__DESCRIPTION OF THE TASK__
Print exactly the lines below between the line containing "Image of VIVITAR Barbie Kids Safe Headphones" and the line containing "1-комнатная квартира посуточно", counting both of those lines. Leave pictures out.

__RECORD EXCERPTS__
##########
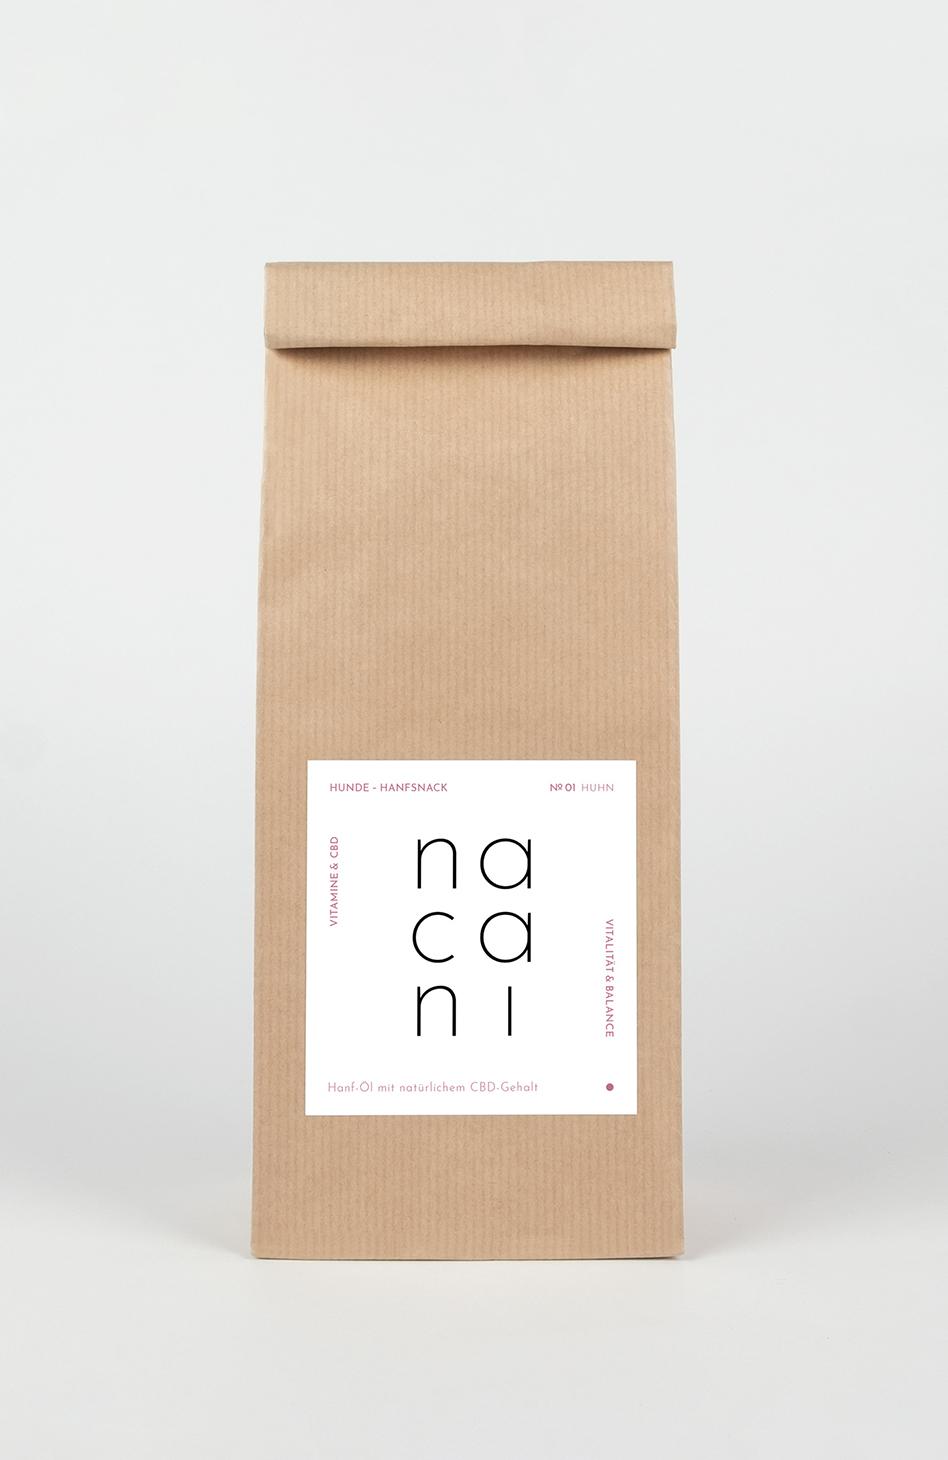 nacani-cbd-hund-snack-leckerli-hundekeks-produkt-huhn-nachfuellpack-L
##########
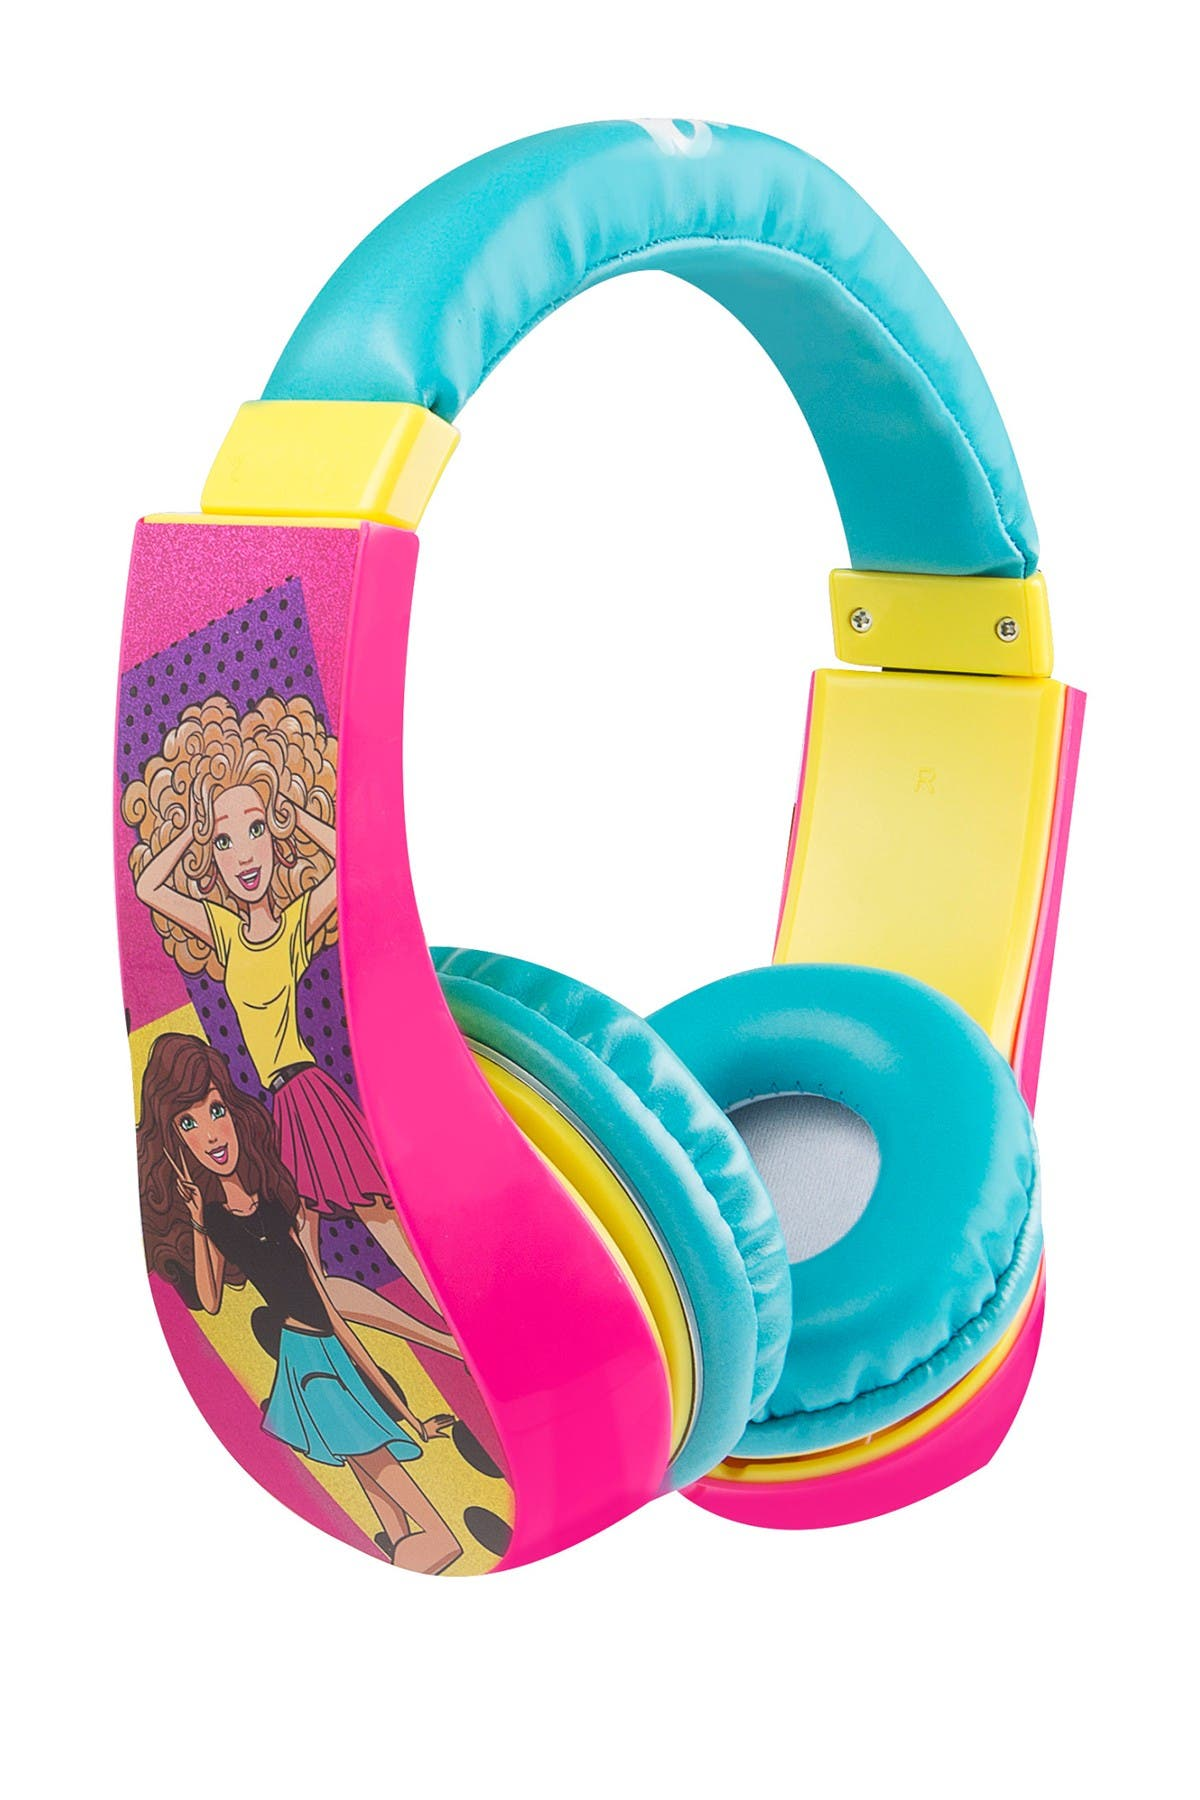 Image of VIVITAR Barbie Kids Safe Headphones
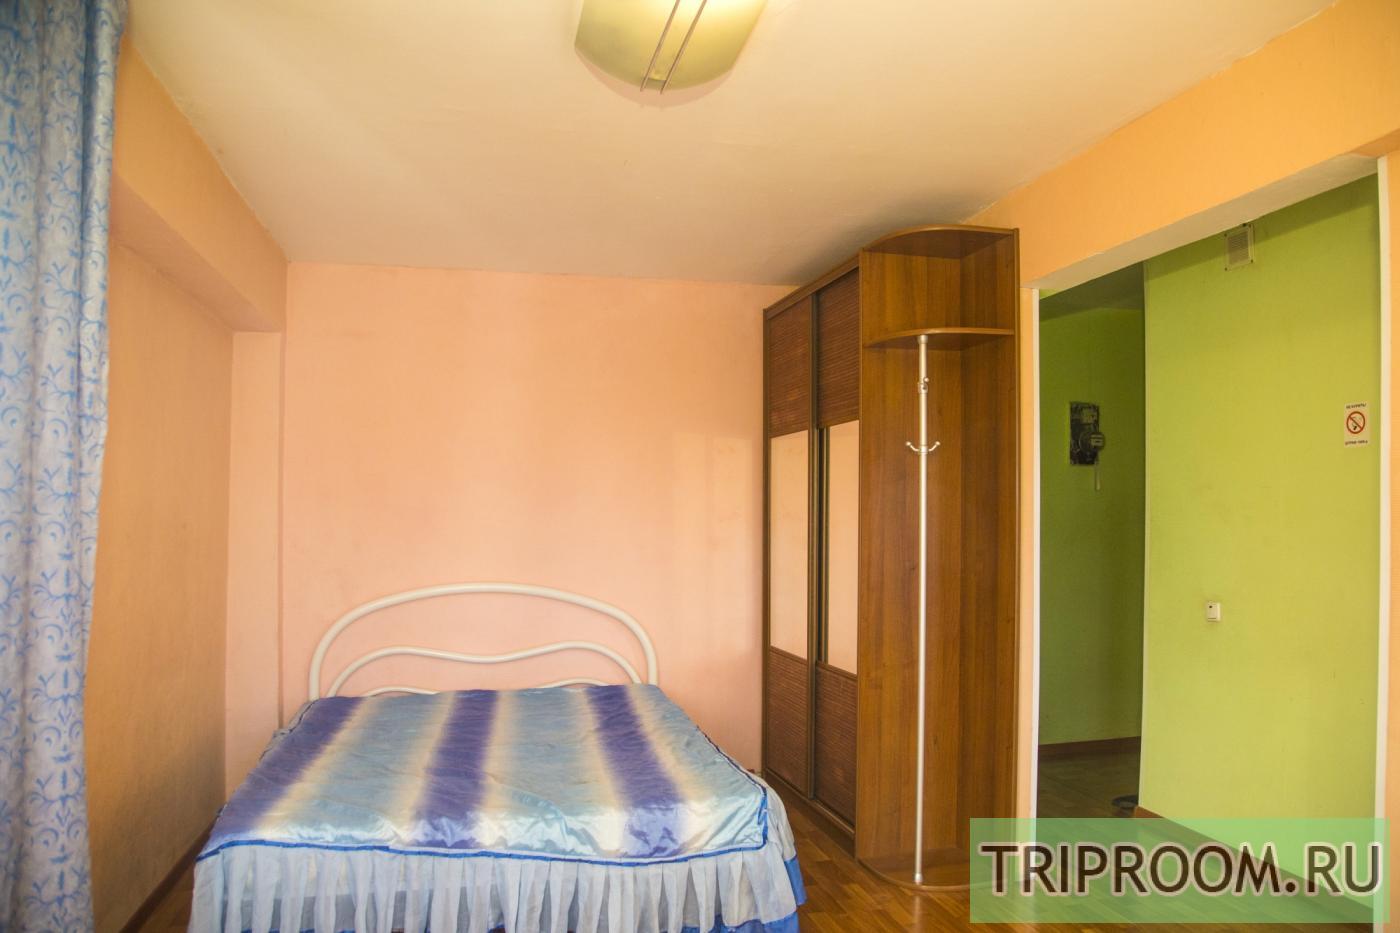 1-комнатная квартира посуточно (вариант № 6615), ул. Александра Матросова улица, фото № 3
##########
__RESPONSE__
 Image of VIVITAR Barbie Kids Safe Headphones
 1-комнатная квартира посуточно (вариант № 6615), ул. Александра Матросова улица, фото № 3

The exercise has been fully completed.